Closed fff-2013 closed 4 years ago

fff-2013 commented 4 years ago

Problem description

When I run the graphsage dist_train.py(cora data), the worker memory usage keeps increasing:

image

When I train model with our own data, which is a larger graph, the memory usage grows faster:

image

I guess if there is any memory leak? May be that some objects of the previous iterations are not free? Any advice or suggestions will be greatly appreciated.

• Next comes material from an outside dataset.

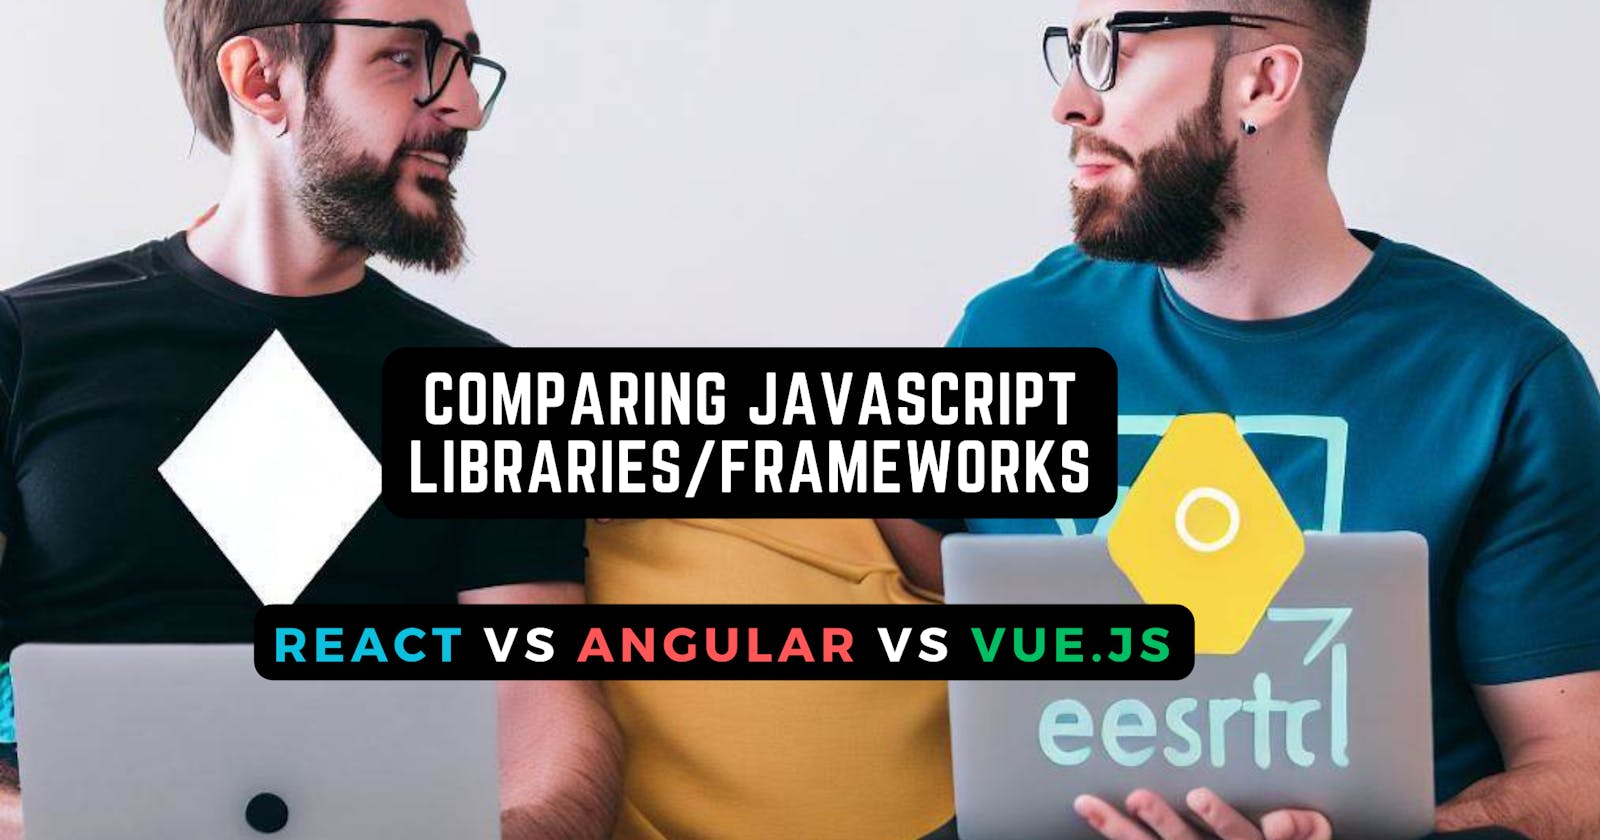 Comparing JavaScript Libraries/Frameworks: React vs Angular vs Vue.js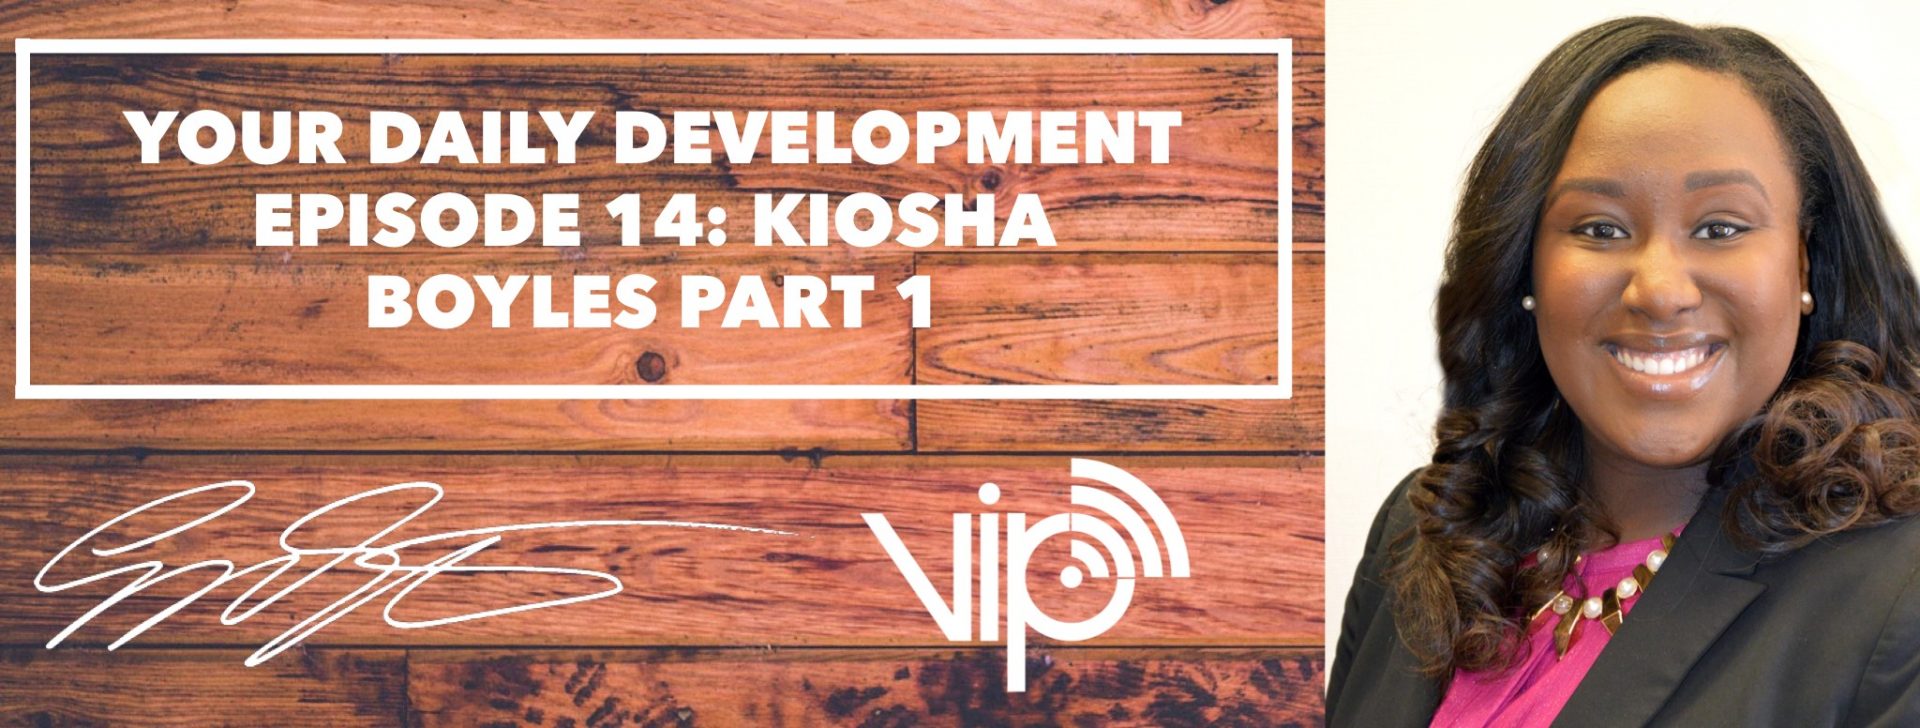 Your Daily Development: Episode 14 Kiosha Boyles Part 1 of 2

Environment information for cora data

docker image: registry.cn-zhangjiakou.aliyuncs.com/pai-image/graph-learn:v0.1-cpu

code path: /workspace/graph-learn/examples/tf/graphsage (in docker container)

config: 2ps, 2worker / batchsize: 32 / epoch: 40000000

fff-2013 commented 4 years ago

After delete req/res pointers in edge_sampler.py and neighbor_sampler.py, memory leak is gone.

diff --git a/graphlearn/python/sampler/edge_sampler.py b/graphlearn/python/sampler/edge_sampler.py
index 4103ca1..79ab314 100644
--- a/graphlearn/python/sampler/edge_sampler.py
+++ b/graphlearn/python/sampler/edge_sampler.py
@@ -83,6 +83,8 @@ class EdgeSampler(object):
                                   src_ids,
                                   dst_ids)
     edges.edge_ids = edge_ids
+    pywrap.del_get_edge_req(req)
+    pywrap.del_get_edge_res(res)
     return edges

diff --git a/graphlearn/python/sampler/neighbor_sampler.py b/graphlearn/python/sampler/neighbor_sampler.py
index 1757f12..b912e50 100644
--- a/graphlearn/python/sampler/neighbor_sampler.py
+++ b/graphlearn/python/sampler/neighbor_sampler.py
@@ -124,6 +124,8 @@ class NeighborSampler(object):
       current_batch_size = nbr_ids_flat.size

       src_ids = nbr_ids
+      pywrap.del_nbr_req(req)
+      pywrap.del_nbr_res(res)
     return layers

   def _make_req(self, index, src_ids):
@@ -200,4 +202,6 @@ class FullNeighborSampler(NeighborSampler):
       current_batch_size = nbr_ids_flat.size

       src_ids = nbr_ids
+      pywrap.del_nbr_req(req)
+      pywrap.del_nbr_res(res)
     return layers

When I want to provide feedback,i see this #46 , more modifications. Awesome!

jackonan commented 4 years ago

@fff-2013 Sorry to trouble you and thanks for pointing out the problem. We've fixed it and you can try again.